Entrepreneurialism drives innovation
At our best, Britain is an economy of innovators, inventors and problem solvers. A nation of entrepreneurial spirit. Yet the nation’s entrepreneurs could be justified in feeling a little bruised right now. Failure to protect and cherish our technology entrepreneurs risks slowing the rate of innovation. Greater emphasis on capital generation beyond the reserved tendencies of capital preservation may be needed to fuel the flames of progress, and if innovation is the vanguard of the UK economy, let’s be careful not to blunt the bayonet that leads the charge.
Holding investment to account
With the National Wealth Fund and National Audit Office set to play an enhanced role in policing the effectiveness of government investment in infrastructure, we’re likely to see more emphasis on the data that signifies progress.

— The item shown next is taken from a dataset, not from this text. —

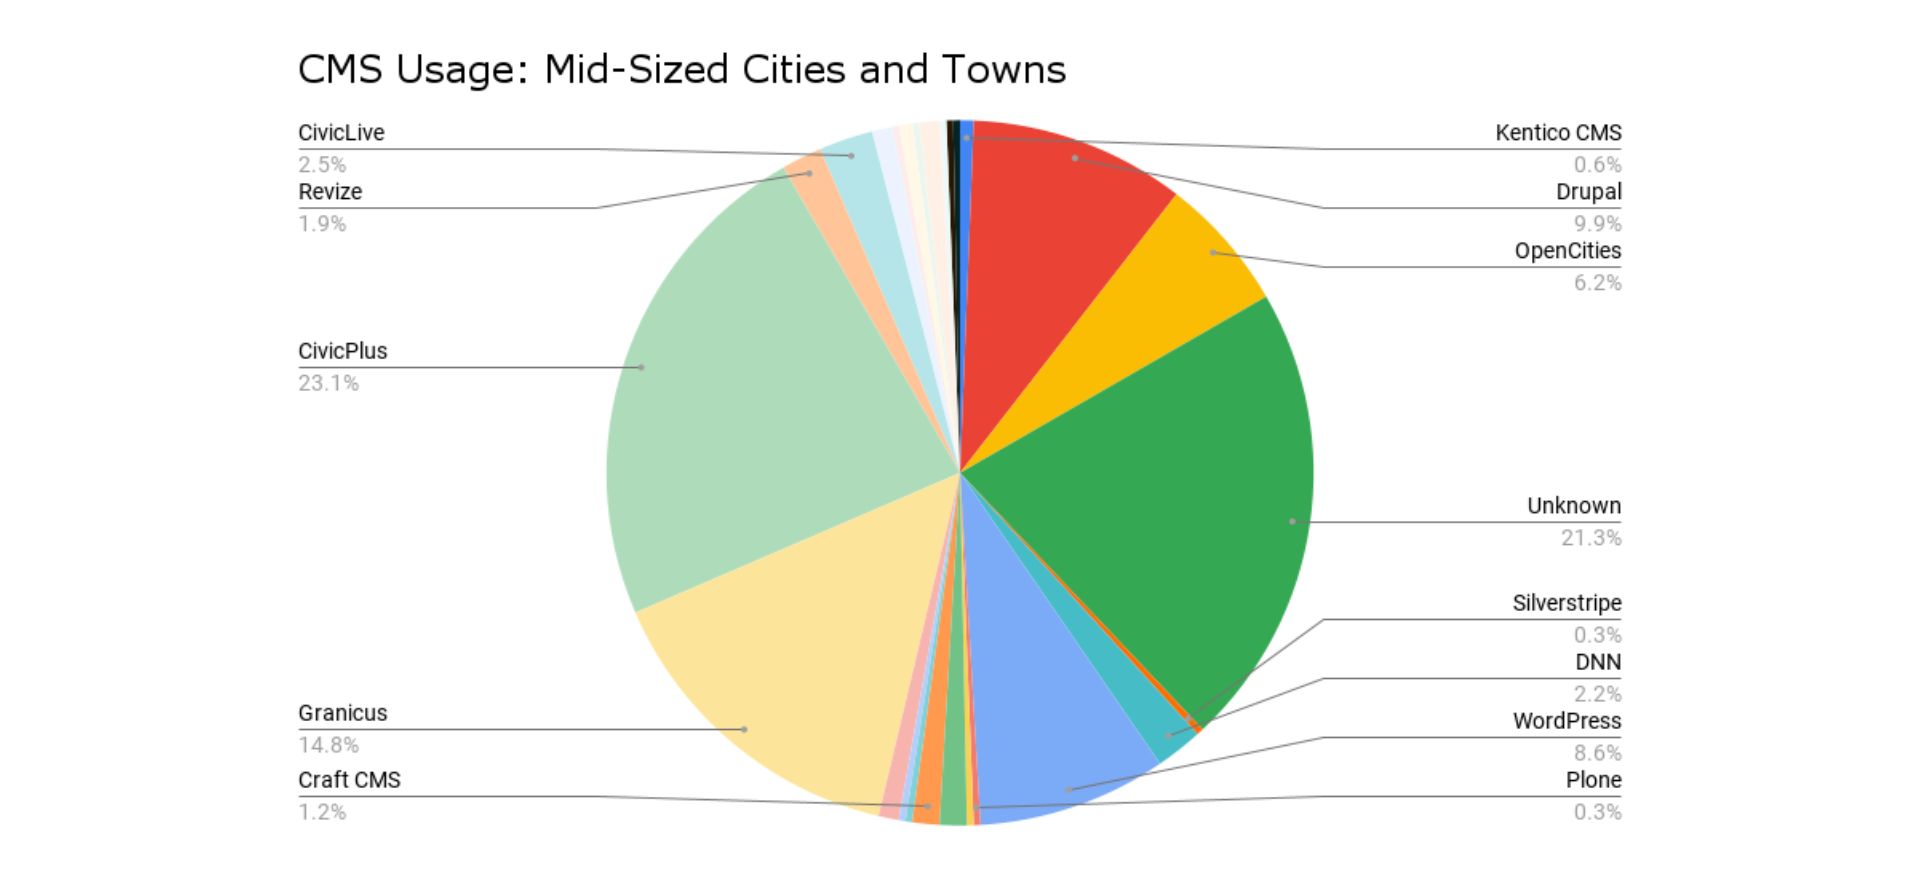 cms usage: midsized cities

Infrastructure investment can be a long road (no pun), and government could learn lessons from the tried and tested technology delivery frameworks that place emphasis on speed to value, iterative development, lean agile teams, and continuous improvement with measurement baked-in from the offset.
Who will pay the price for higher employers’ National Insurance contributions?

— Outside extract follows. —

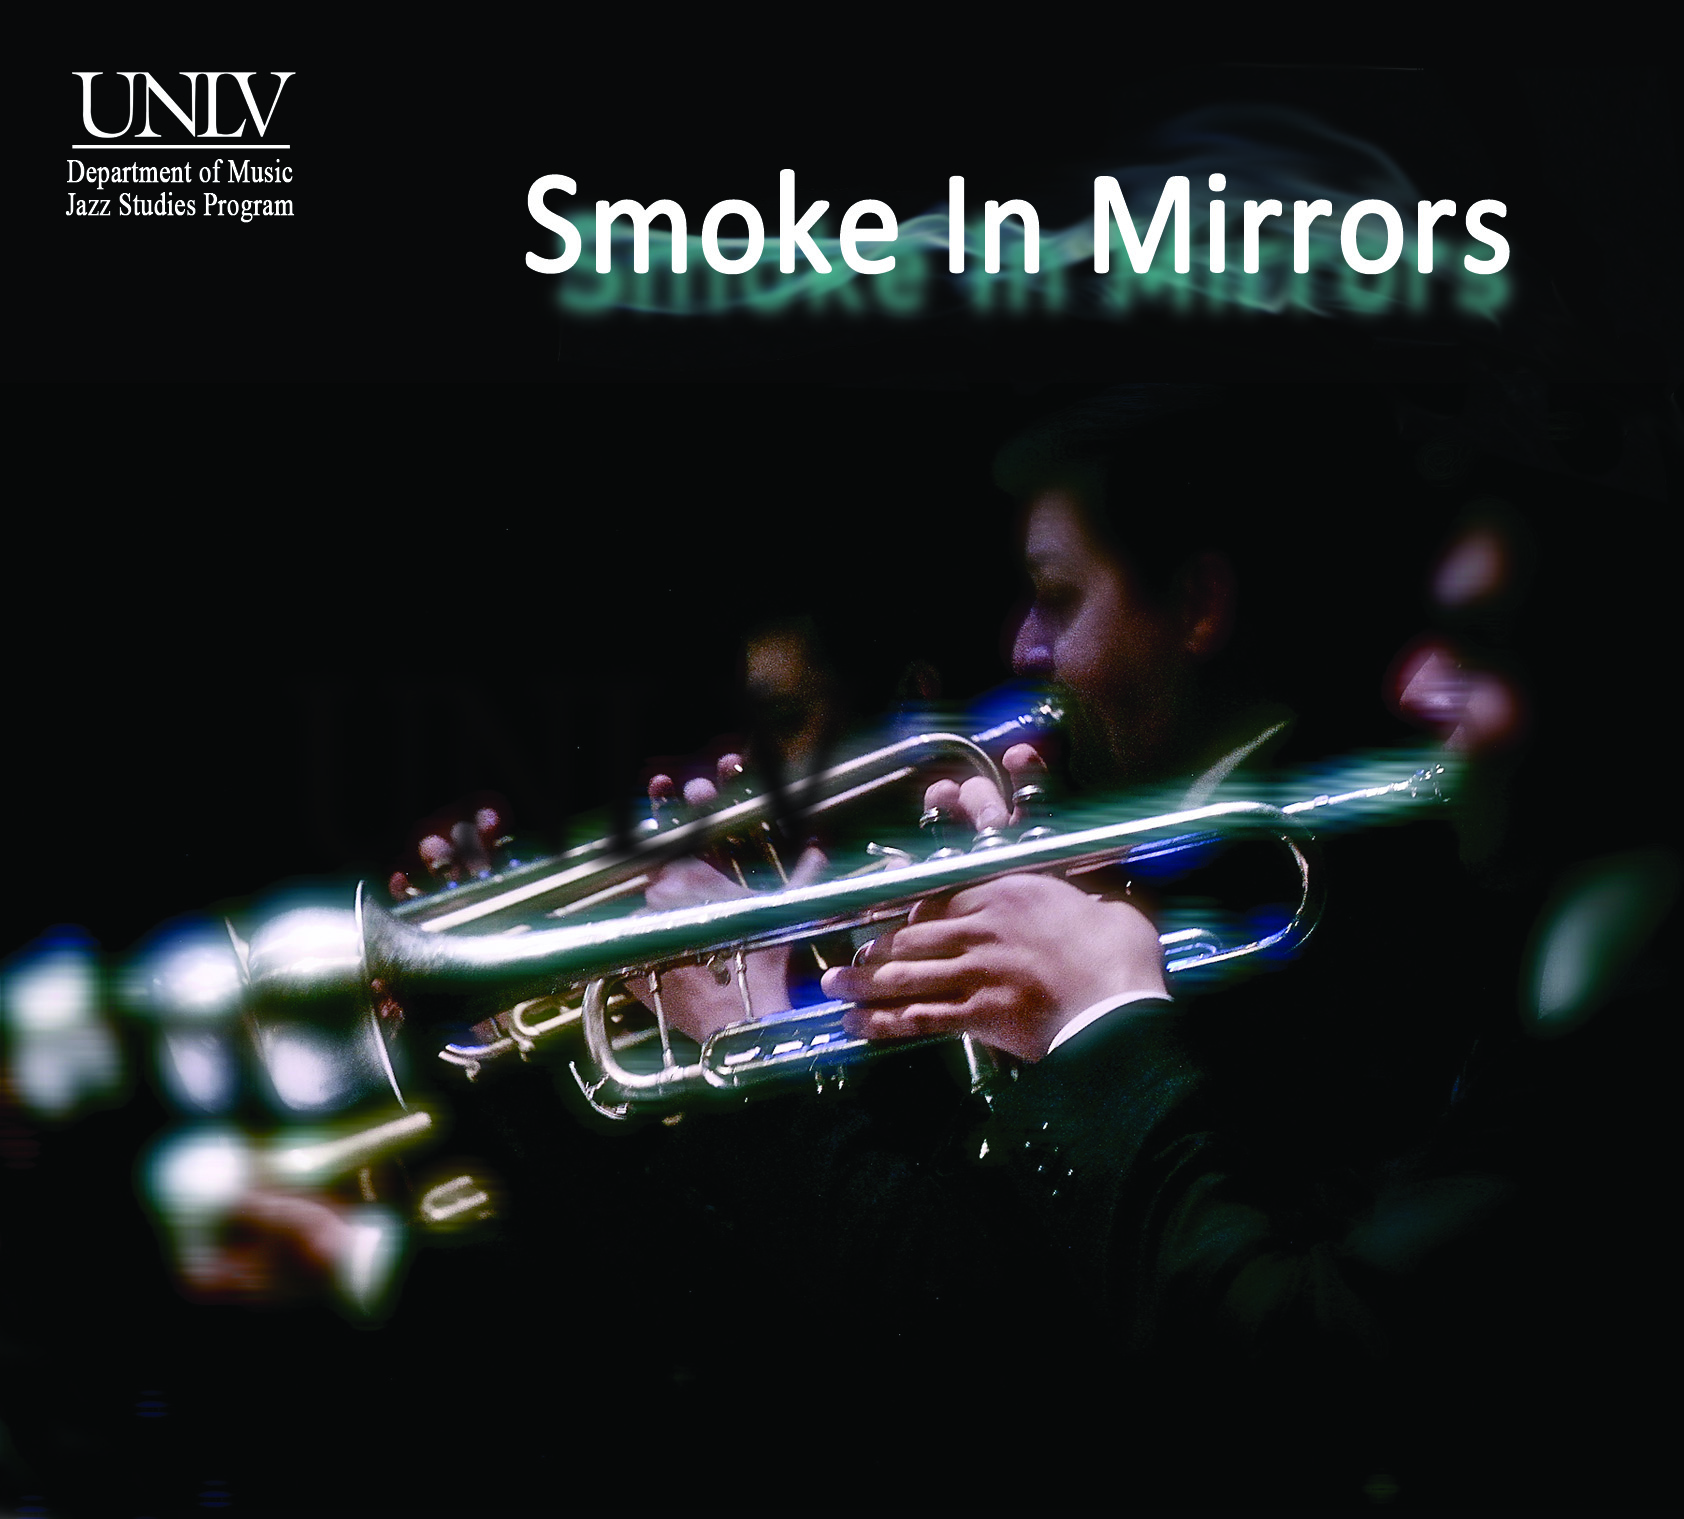 UNLV DEPARTMENT OF MUSIC JAZZ STUDIES PROGRAM - Smoke in Mirrors cover

UK CFOs, weary from widespread global economic uncertainty may feel they have been dealt a choice by the Chancellor’s increasing employer NI contributions: choose your margins or choose your people. Increased costs are likely to manifest as decreased investment in salaries, training, and employee benefits. Expect to see greater investment in modern data and technology initiatives that both increase revenue and reduce operational overhead as margins continue to come under sustained pressure.
Britain backs life sciences
Of the Chancellor’s investment pledges, £520m for a new life sciences innovative manufacturing fund, caught the eye. Life sciences is the fastest growing global digital transformation sector and Britain boasts four of the top-10 universities in the world for data-driven life science innovation (Oxford, Cambridge, Imperial and UCL). Watch this space.
The return of democratised data
A previous Chancellor and short-lived Prime Minister learned the hard way that choosing to bypass the independent Office for Budget Responsibility (OBR), creates a delta between strategy and the data that validates it. Ignore data at your peril. Strong and transparent data foundations and governance are the biggest validator and enabler of strategic ambition. As the world becomes increasingly excited about two letters that (A)I shall not mention, there’s a growing realisation that the modern industrial strategy will be validated, built and measured by the data economy.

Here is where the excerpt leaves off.